Intuitively, if you normalized the vectors before using them, or if they all ended up having almost unit norm after training, then a small $l_1$ norm will imply that the angle between the vectors is small, hence the cosine similarity will be high. Conversely, almost colinear vectors will have almost equal coordinates because they all have unit length. So if one works well, the other will work well too.
To see this, remember the equivalence of $l_1$ and $l_2$ norms in $\mathbb{R}^n$, in particular that for any $x \in \mathbb{R}^n$ it holds that $||x||_2 \le ||x||_1$. We can use that to prove the first of the statements (the other is left as an exercise ;)
If $||u||_2 = ||v||_2 = 1$ and $||u-v||_1 \le \sqrt{2\epsilon}$, then $\langle u, v \rangle \ge 1 - \epsilon$.

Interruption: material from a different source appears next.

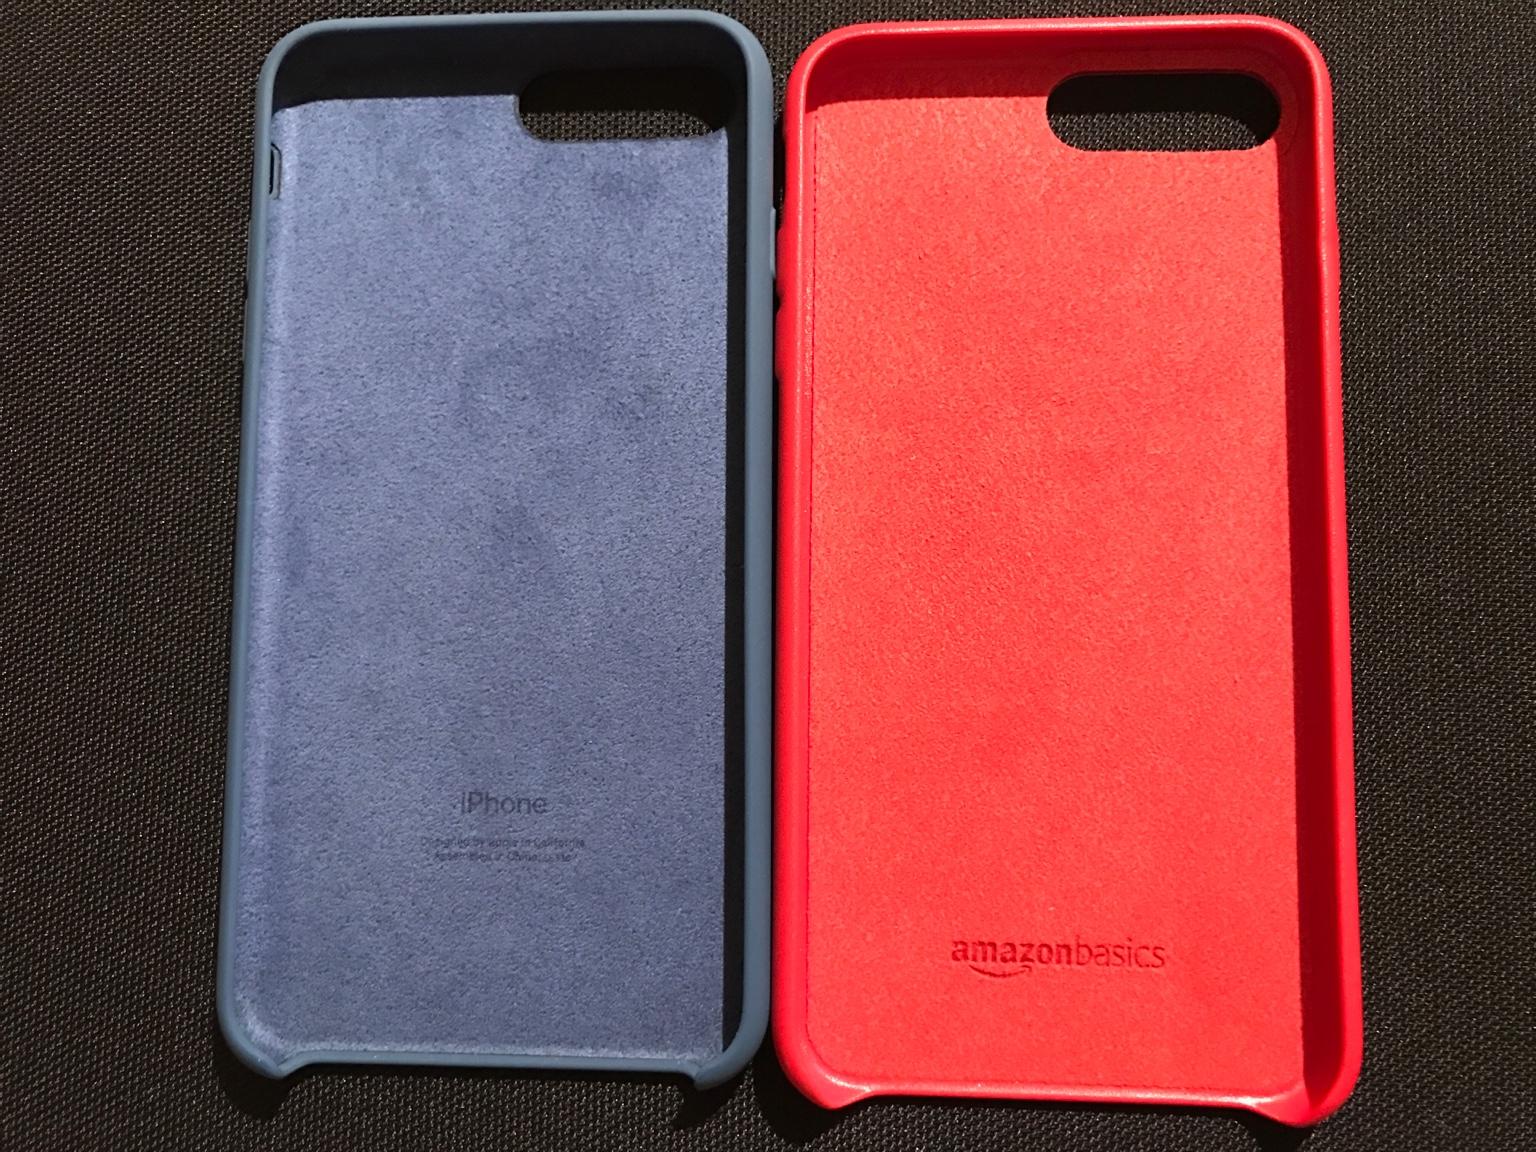 iphone 7 phone case amazon basics
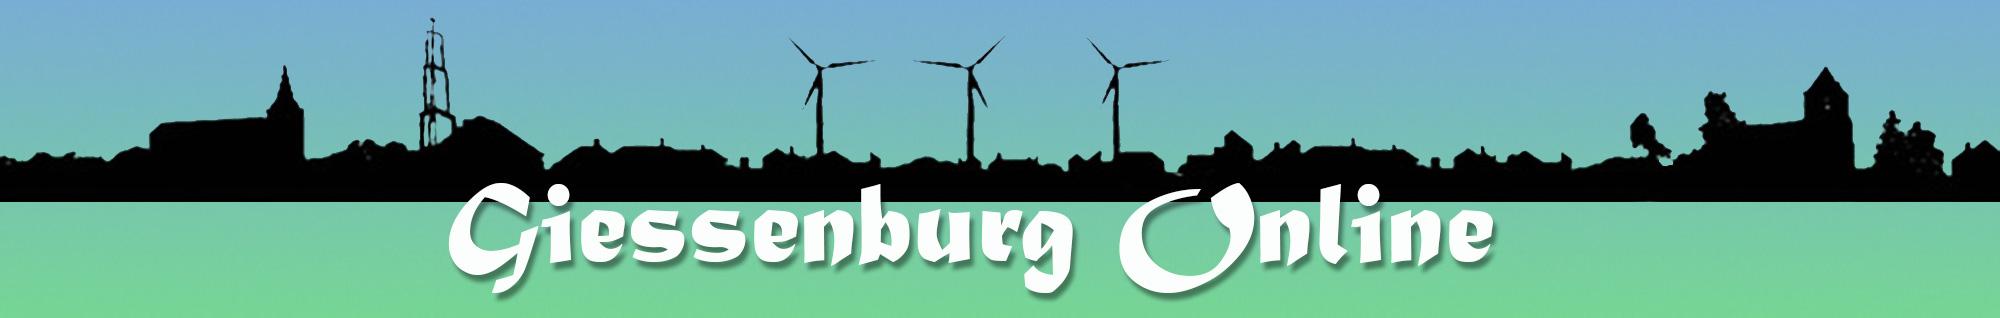 Giessenburg Online

To prove this just expand $||u-v||_2^2 = 2-2 \langle u, v \rangle$ to obtain:
$$\langle u, v \rangle = 1 - \frac{1}{2} ||u-v||_2^2 \ge 1- \frac{1}{2} ||u-v||_1^2 \ge 1 - \epsilon.$$
So in the end which one you choose is up to you. One reason to prefer the cosine is differentiability of the scalar product, which if you assume normed vectors is all you need.